→ **What is expected**
What you should give back is a precise copy of the lines below from the one containing "Ce superbe collier" through the one containing "Les progrès techniques", with no pictures.
**** Input
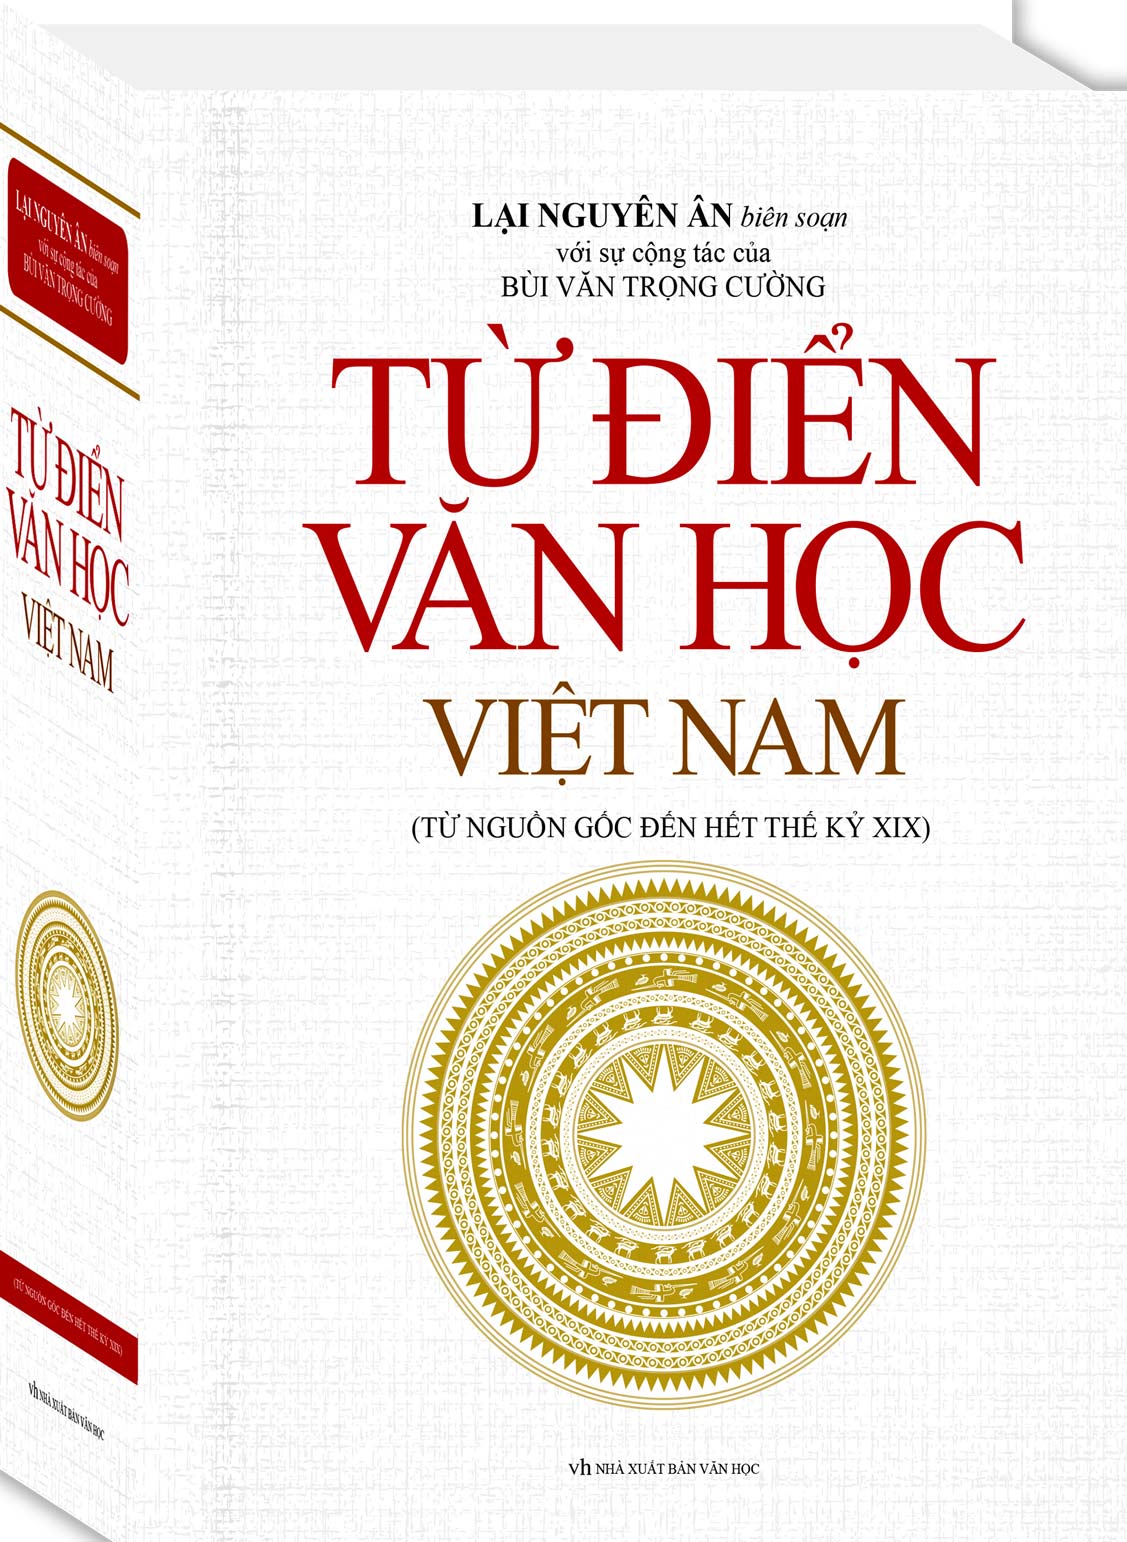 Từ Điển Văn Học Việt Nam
********
**** Input
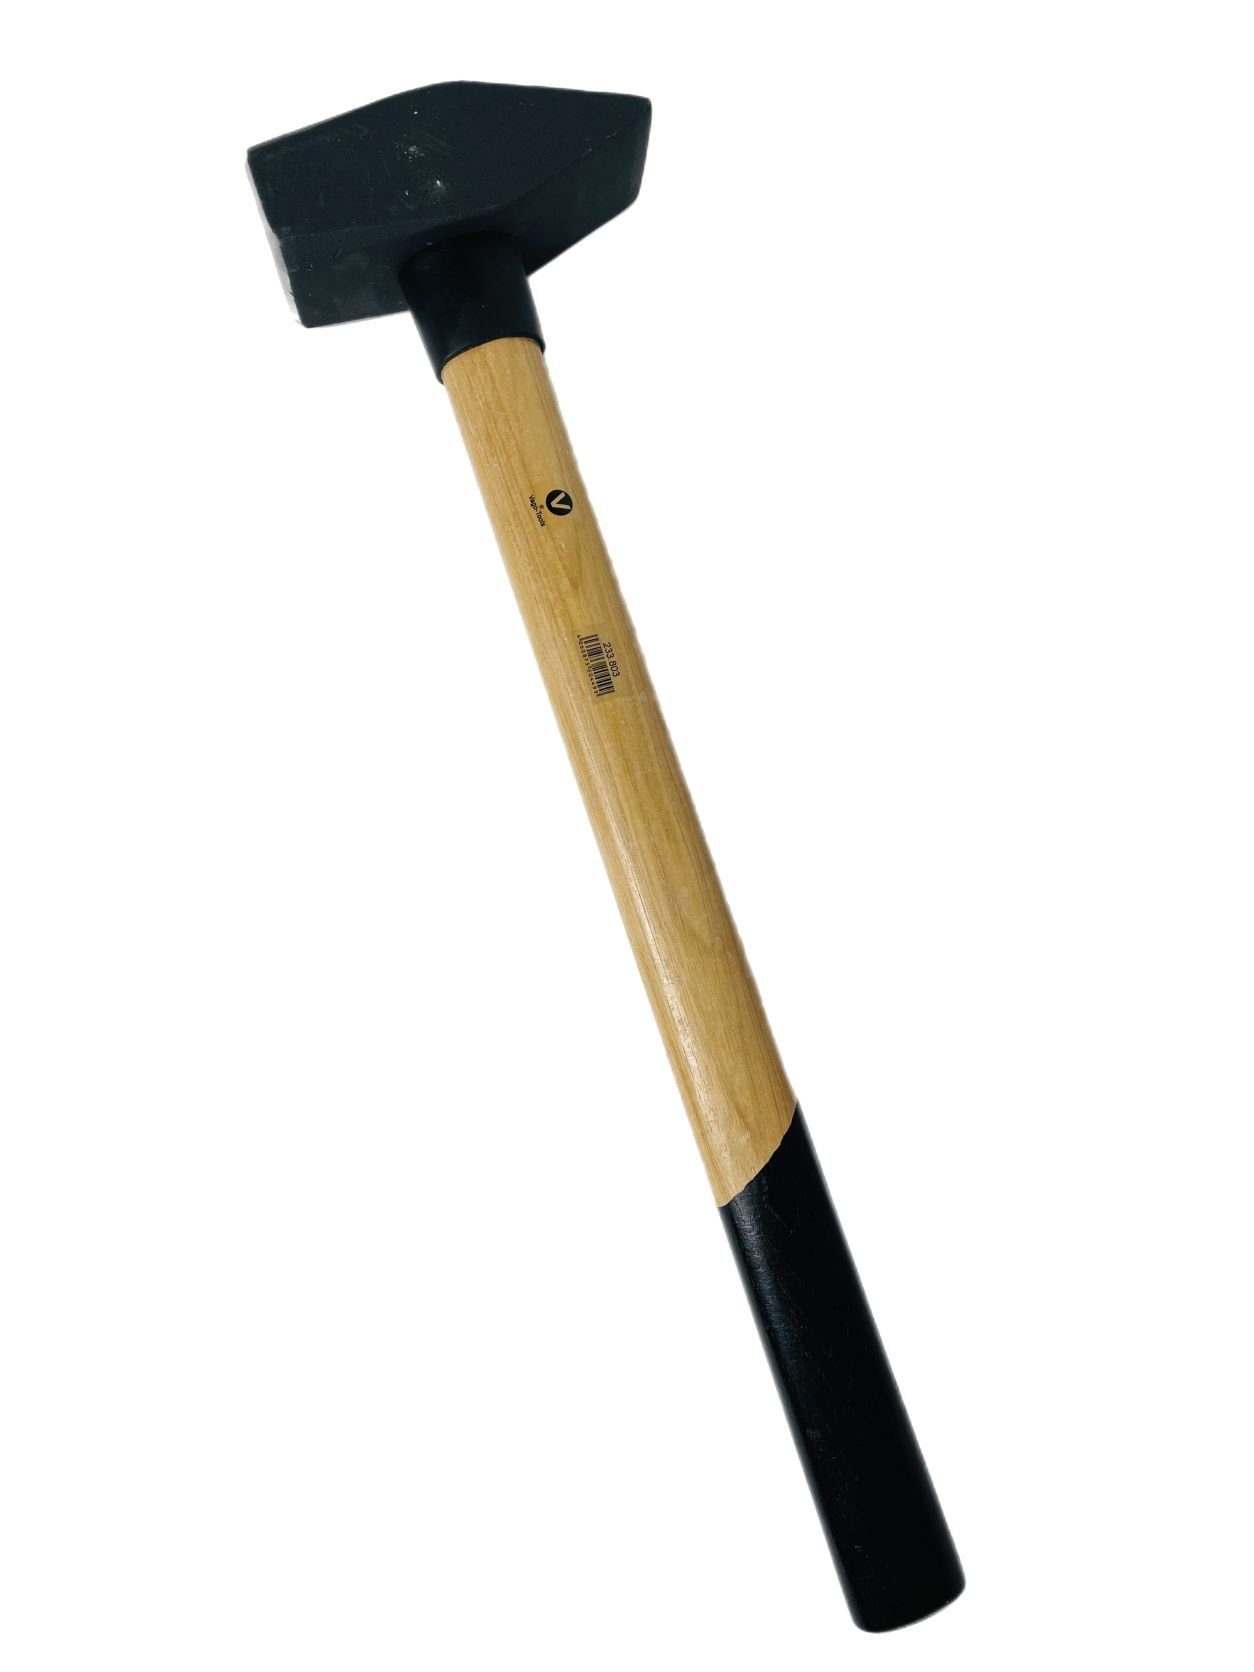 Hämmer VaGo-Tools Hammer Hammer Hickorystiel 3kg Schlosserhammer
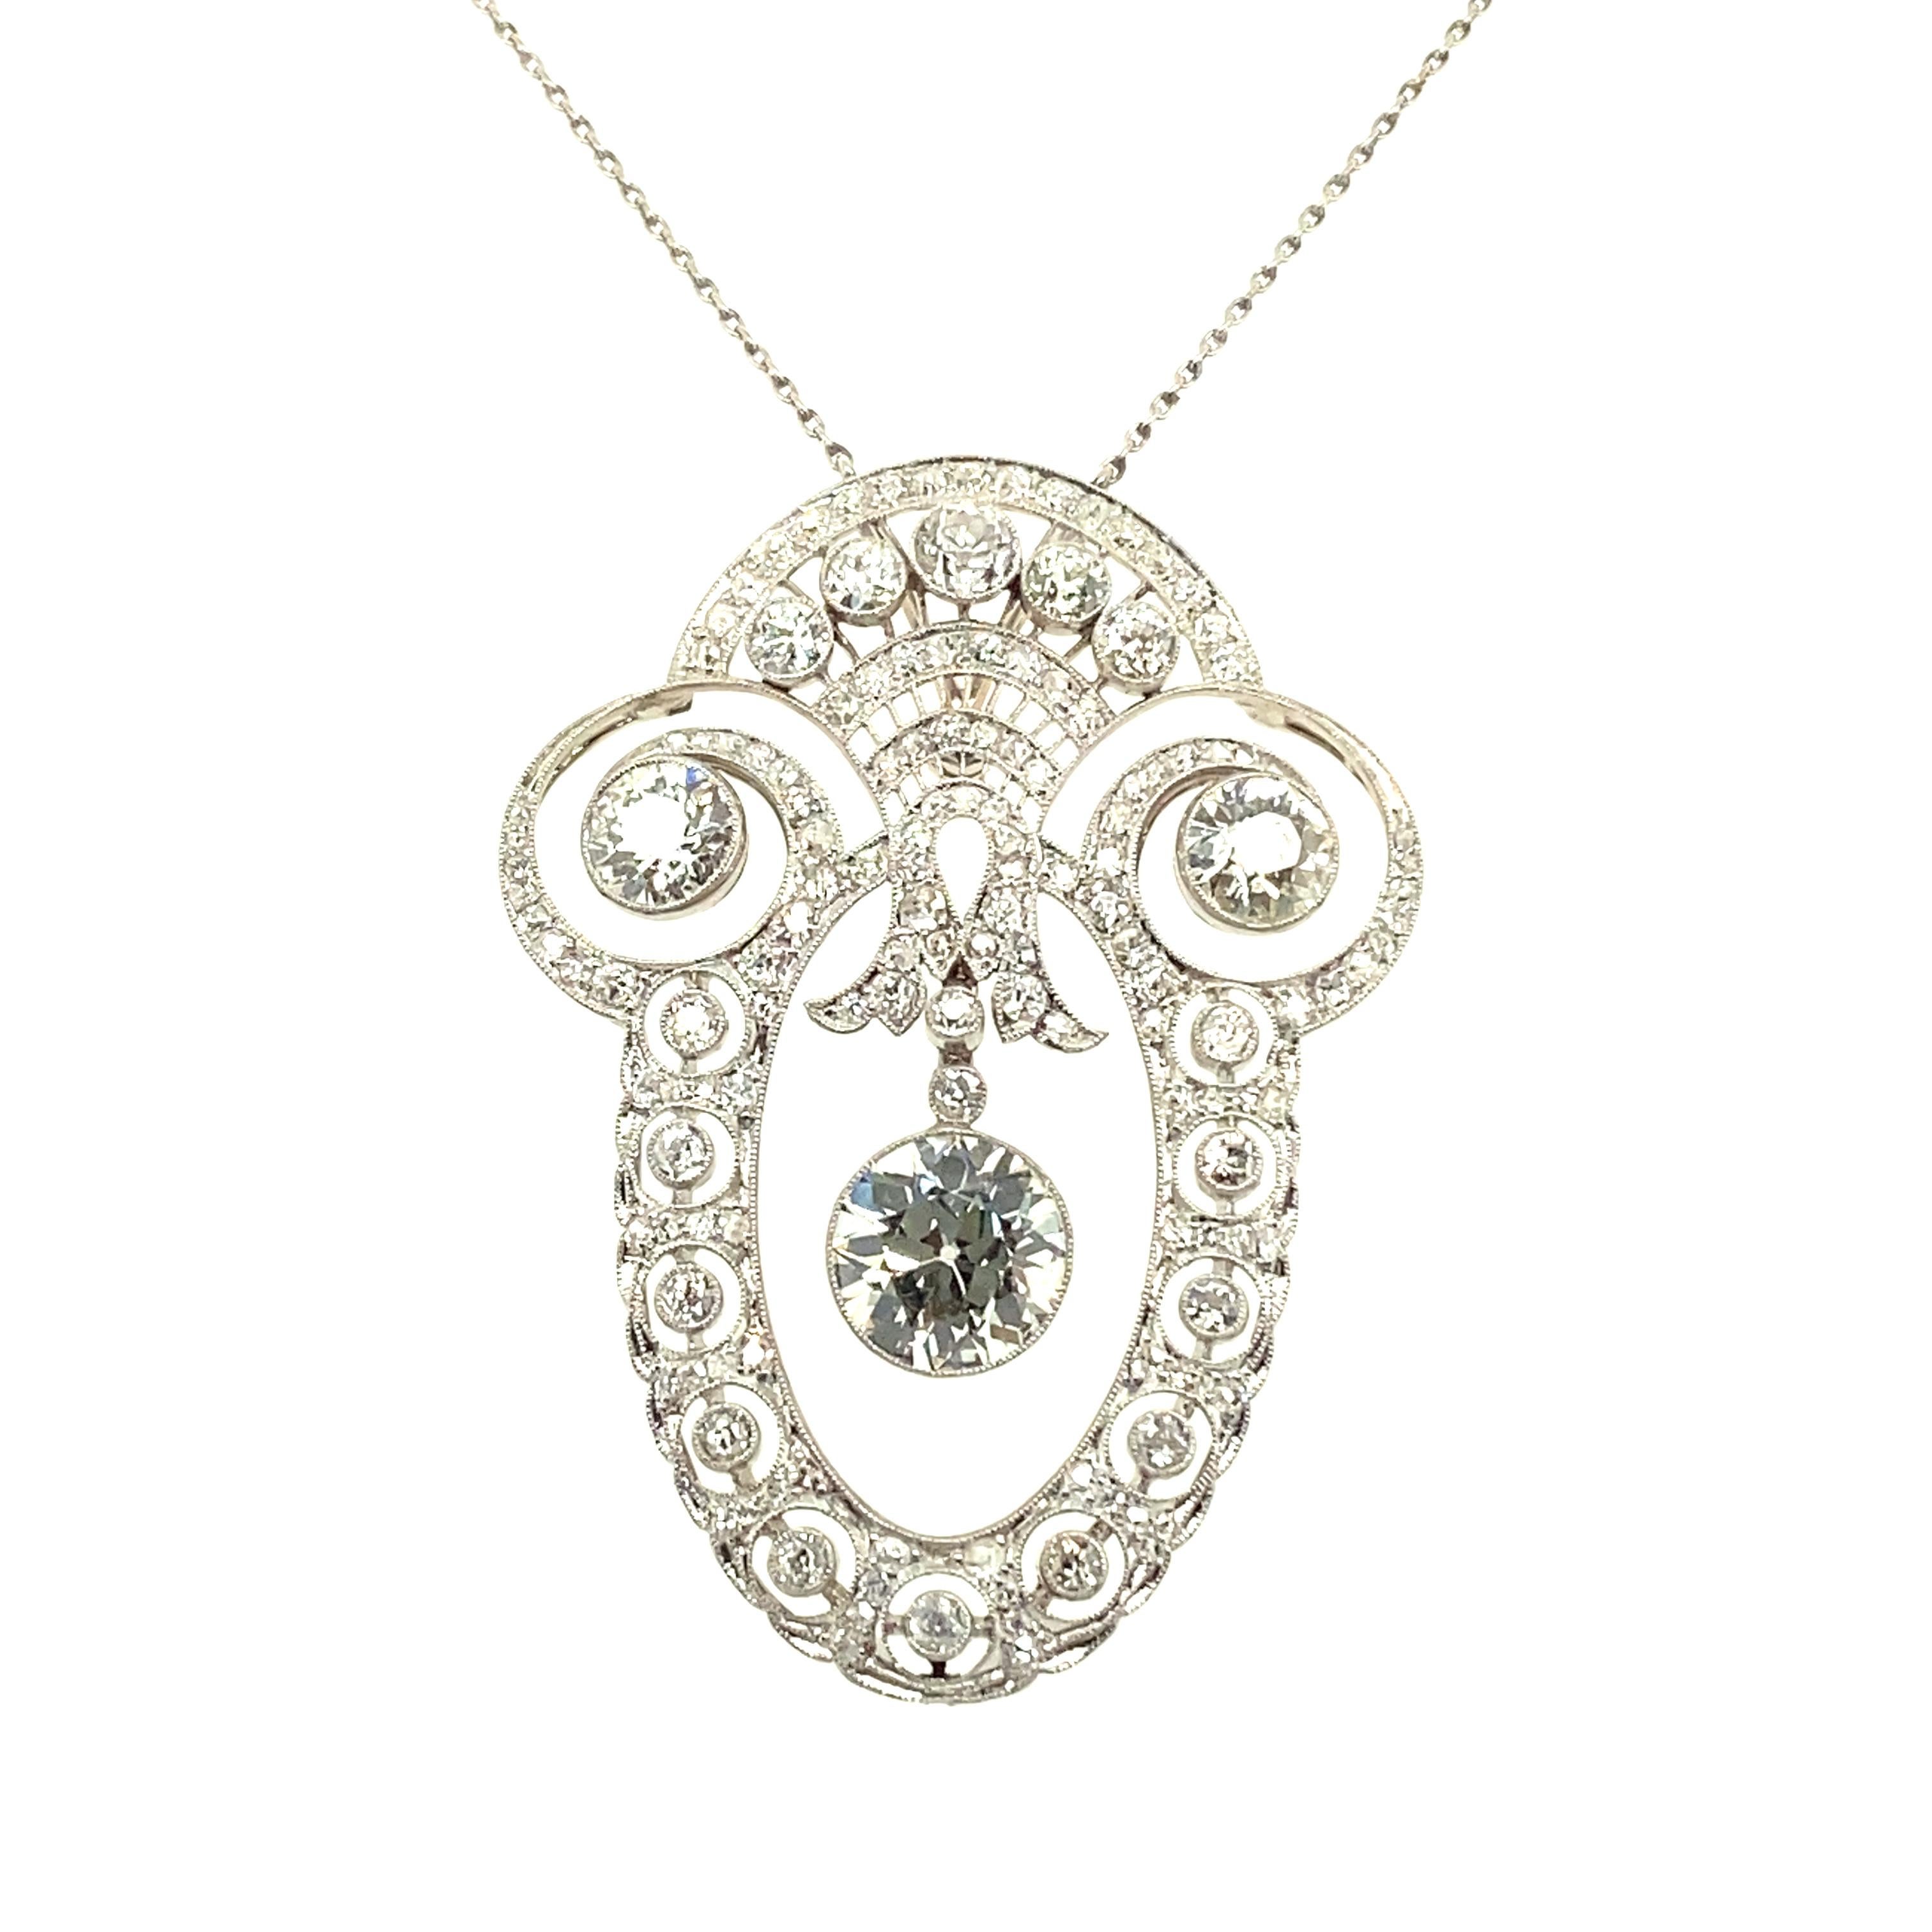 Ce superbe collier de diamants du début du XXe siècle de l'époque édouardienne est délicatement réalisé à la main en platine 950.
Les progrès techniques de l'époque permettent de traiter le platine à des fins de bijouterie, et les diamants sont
********
**** Input
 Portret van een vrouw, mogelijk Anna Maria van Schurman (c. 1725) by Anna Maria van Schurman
********
→ **Output below**
 Ce superbe collier de diamants du début du XXe siècle de l'époque édouardienne est délicatement réalisé à la main en platine 950.
Les progrès techniques de l'époque permettent de traiter le platine à des fins de bijouterie, et les diamants sont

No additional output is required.